Center attendance set a record in 2019 with more than 1 million visitors from 82 countries. In 2020, they saw 302,000 visitors. After years of challenging jobs at NASA, Robinson had just accepted her highest-profile position yet. Five months before she took the Space Center job, she joined the prestigious NASA headquarters staff based in Washington, D.C., working remotely from Huntsville.

She would assess science objectives and research experiments from all over the world and match them “with what capabilities need to be developed and what capacity we had on all the different vehicles,” she says. That would determine “what was going to be accomplished on the lunar surface for the next decade or so.”
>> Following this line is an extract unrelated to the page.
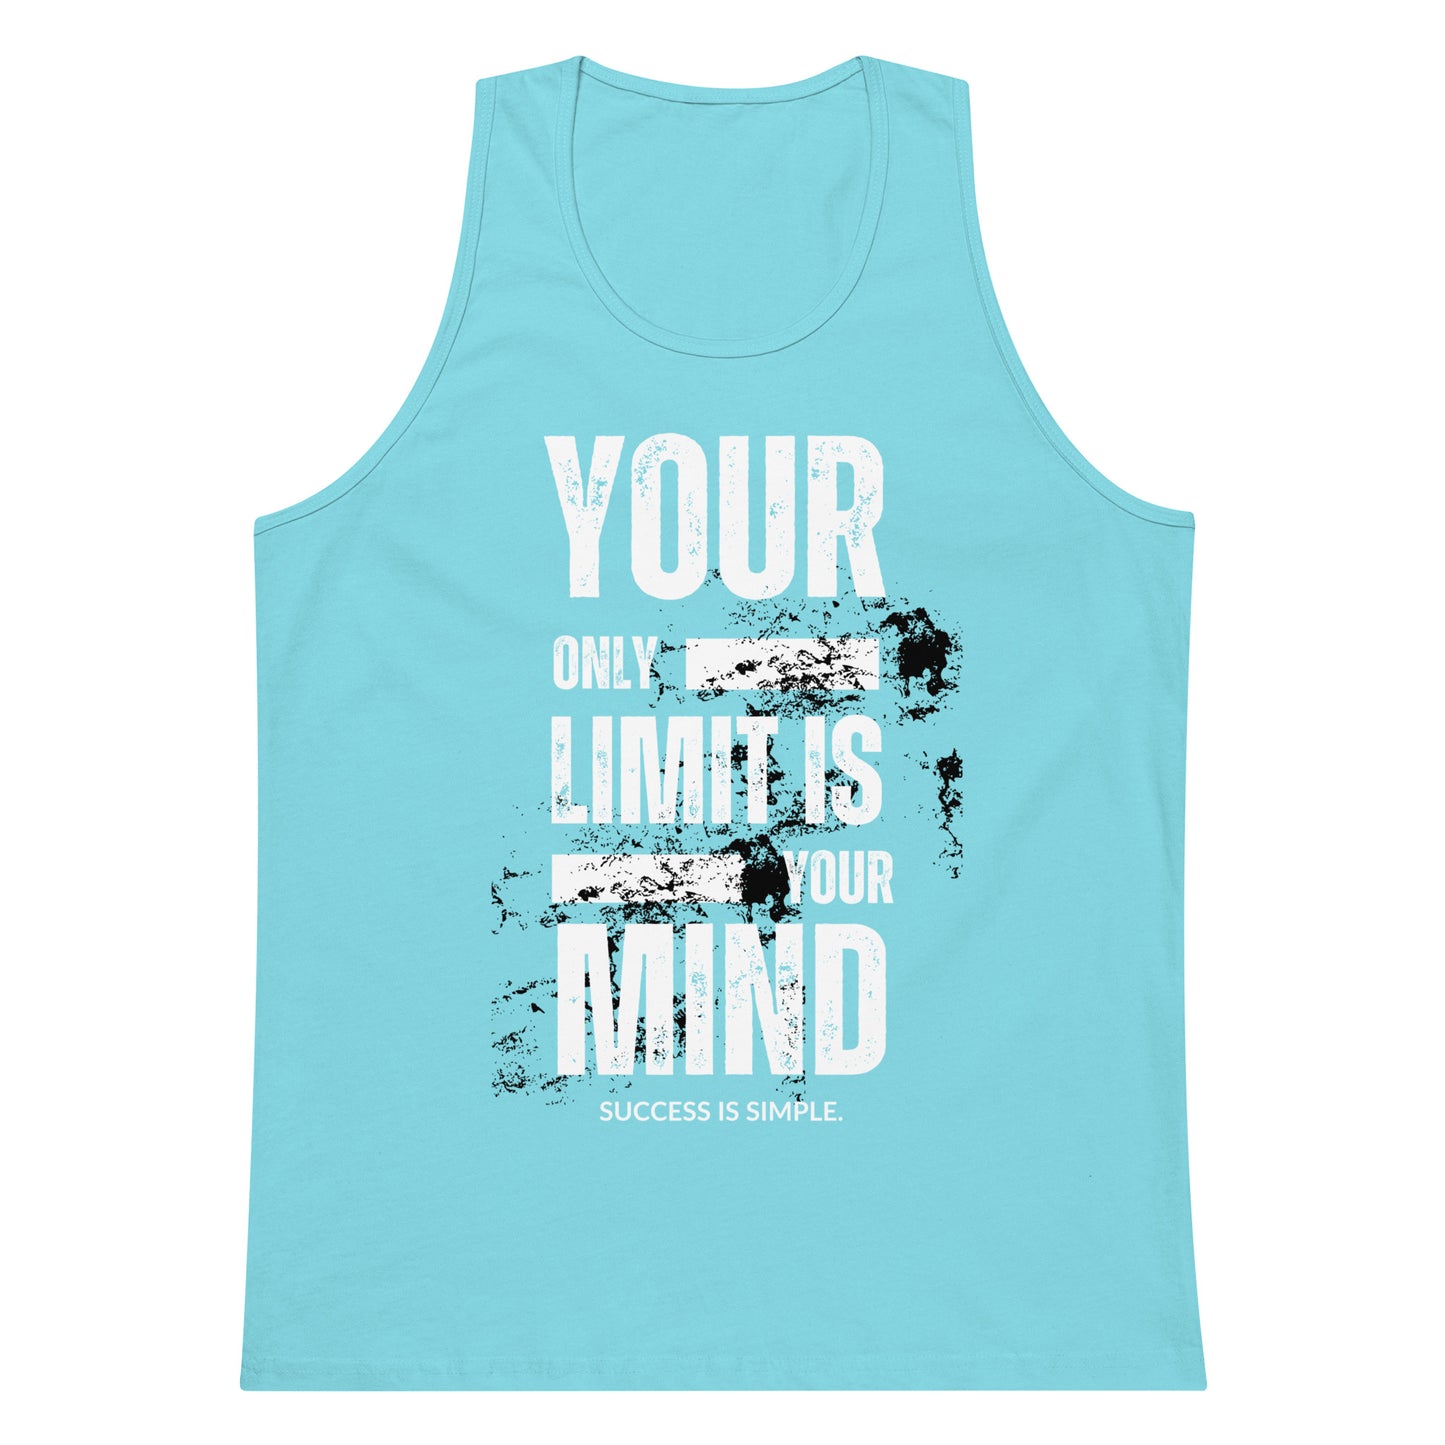 Your Only Limit Is Your Mind - Men’s premium tank top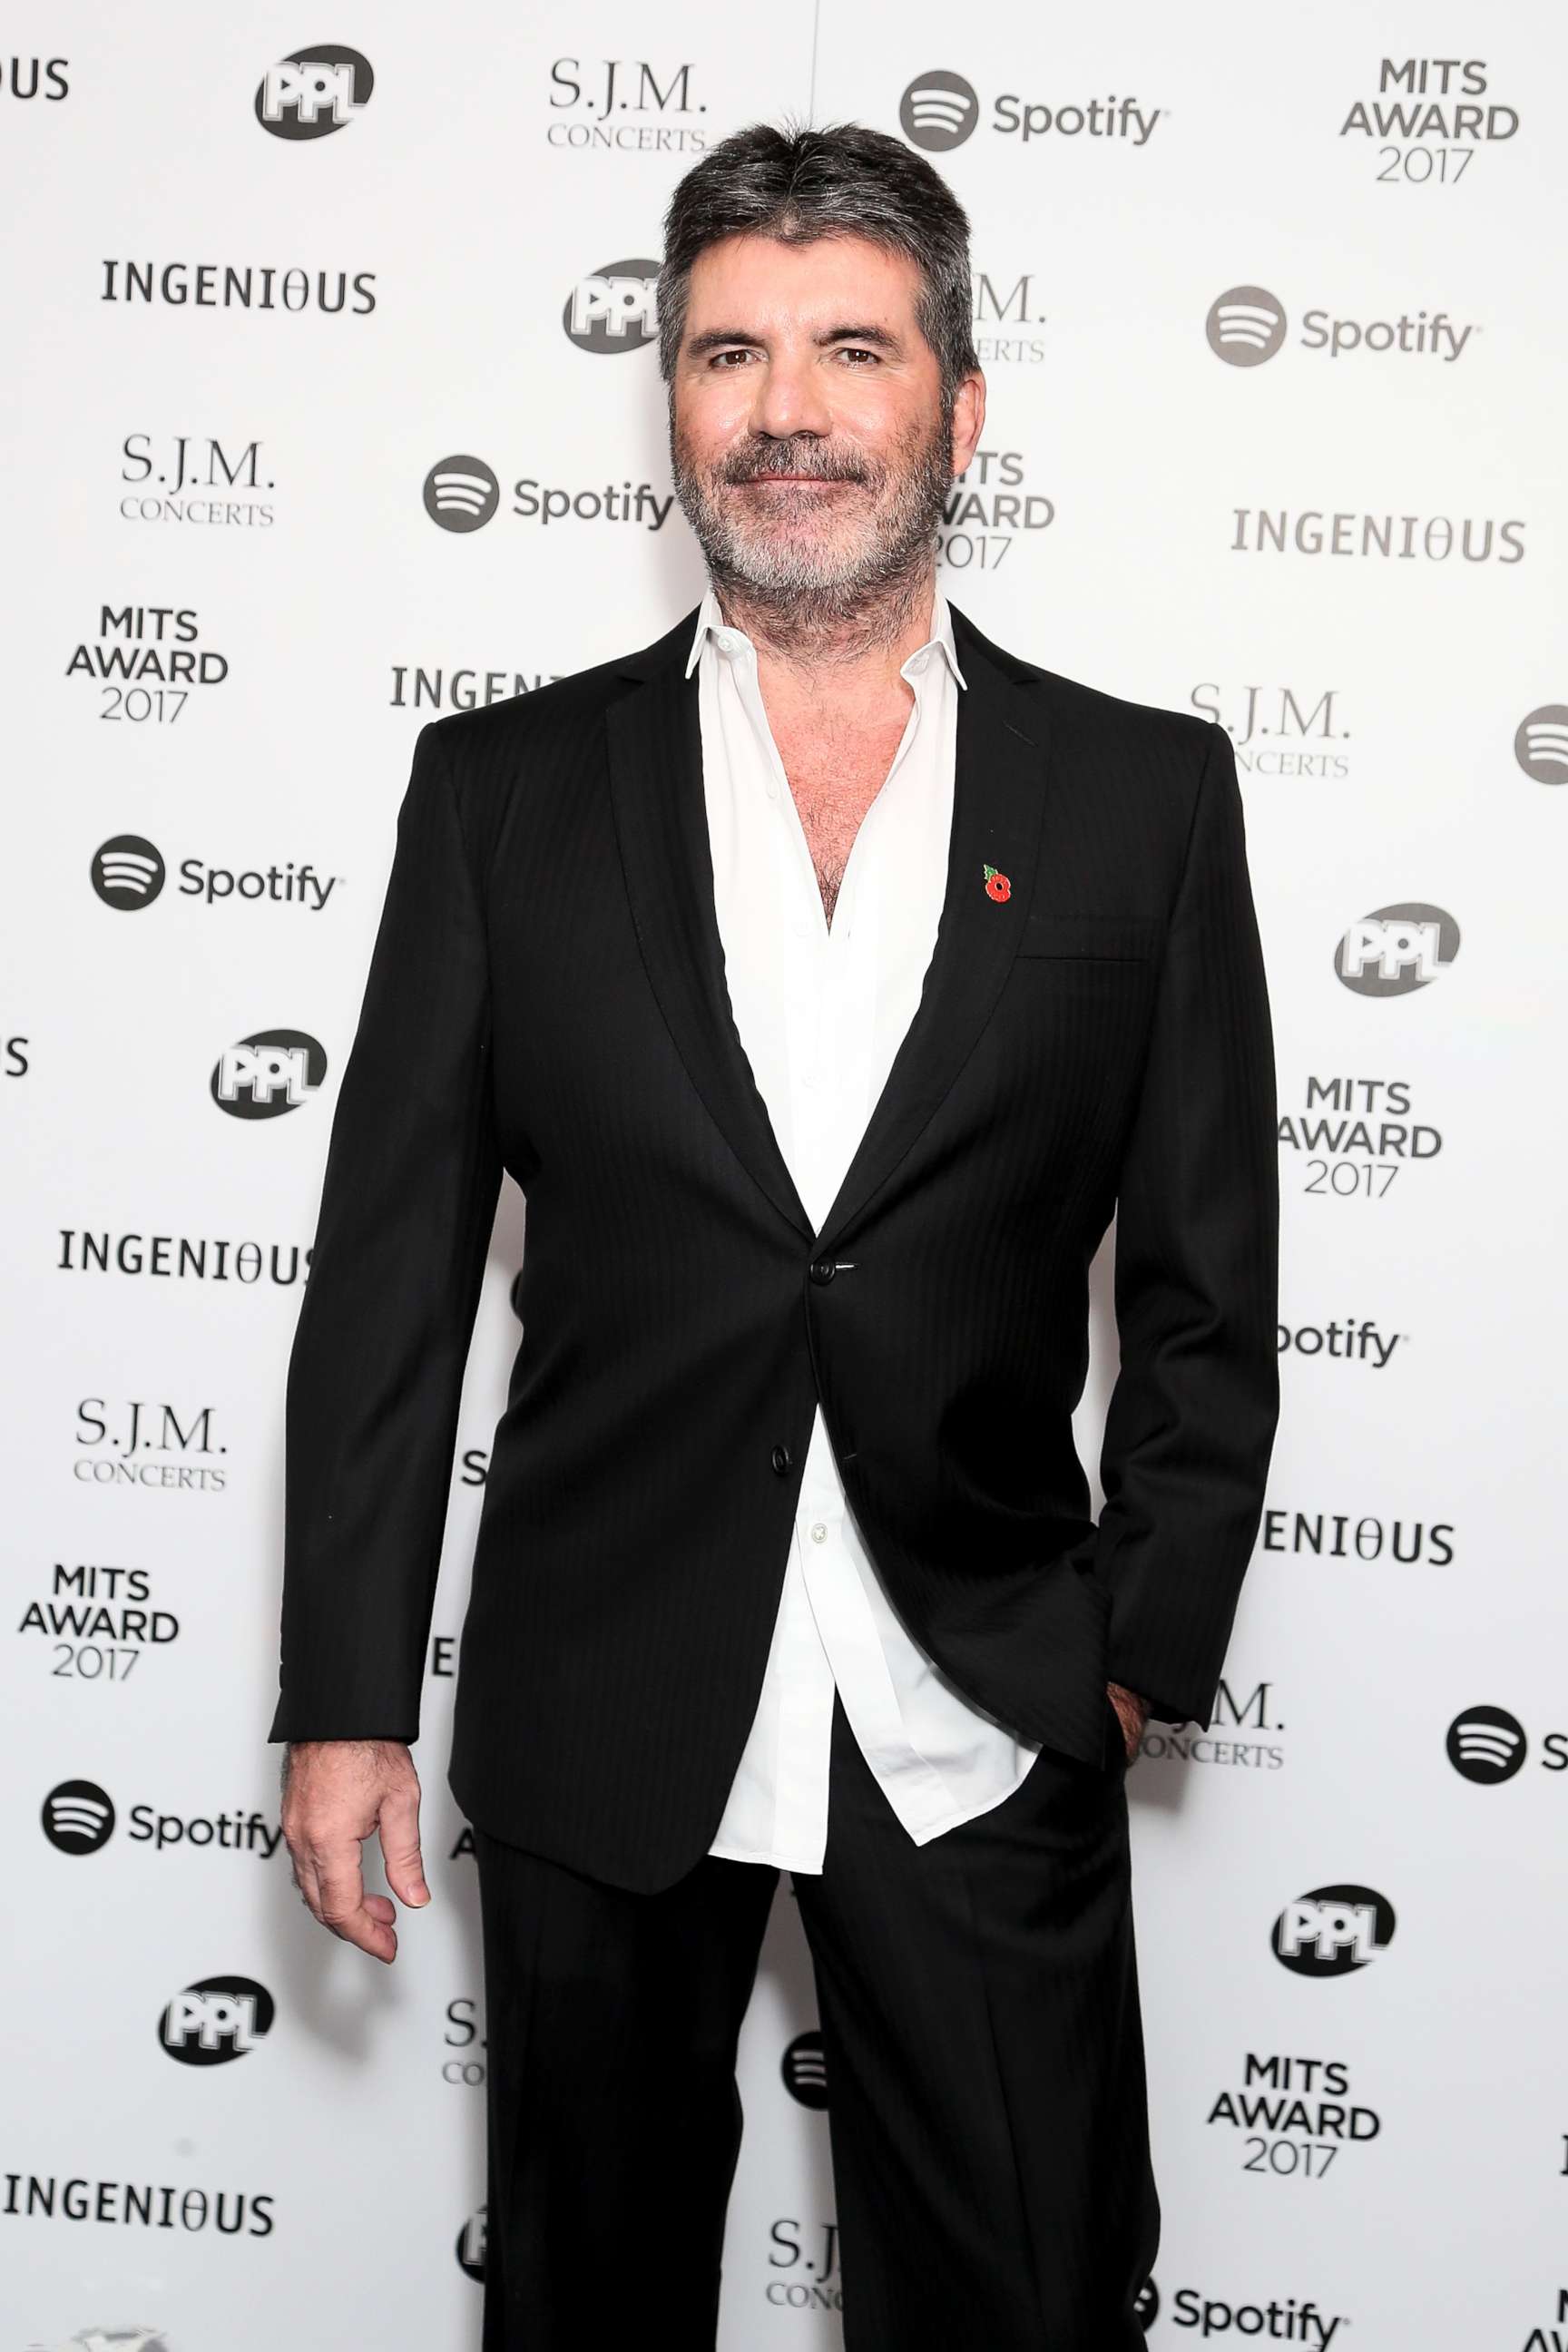 PHOTO: Simon Cowell attends the 26th annual Music Industry Trust Awards held at The Grosvenor House Hotel on Nov. 6, 2017, in London, England.

Robinson had to decide whether to leave a venerable government agency at the pinnacle of her career to take over a struggling tourist attraction — albeit the most popular one in Alabama year after year. Robinson is only the second center director to come from NASA since the attraction was founded as the Alabama Space & Rocket Center in 1970.

As a female engineer, Robinson hopes to inspire others as they did for her. As a high school senior, she received an award from the Society of Women Engineers, presented by a blue-suited astronaut. Robinson asked how to become one. Become an engineer, work for NASA and apply, she heard.

“I said, ‘That is my new life plan,’” she recalls with a laugh.

A self-described nerd who used to do her older brother’s homework, Robinson was so fascinated by the space program that she wrote her fifth-grade term paper on rocket legend Dr. Wernher von Braun.

Less than perfect eyesight derailed her from the astronaut track.

“They just seemed like almost perfect humans and you just wanted to be one of them. But I was never perfect,” she says. Although she never did blast off, she sees her new job as the next best thing. “Better, in some ways,” she adds with characteristic enthusiasm.

Not surprisingly, Robinson is taking on her new mission with a checklist worthy of a mission specialist.

Goal one: Manage the budget conservatively.

Goal two: “Get us on a path to recovery and figure out how to smartly manage growth and expenses.” Make a resiliency plan “so we don’t find ourselves in as bad of a situation as we were during the COVID year.”

Over the next five years she wants to start a major capital campaign for “an entire campus refresh.”

“We have been open for more than 50 years. I want it to be exciting and new,” she says from an office that overlooks the space shuttle Pathfinder display.

“I want this place to be fresh, inviting. I want it to be a community hub, a regional hub, a state hub, a national hub where people know that we’re here and what we have to offer.

“I don’t want you to say, ‘I went there five years ago, I don’t need to go again because I know what it’s about.’ I want to have more displays of space history.”

That includes what she calls “new space” — what’s currently happening in public and private space programs.

“I think we’re on the verge of a golden space era,” Robinson says.

Deborah Storey and David Higginbotham are freelance contributors to Business Alabama. She is based in Huntsville and he in Decatur.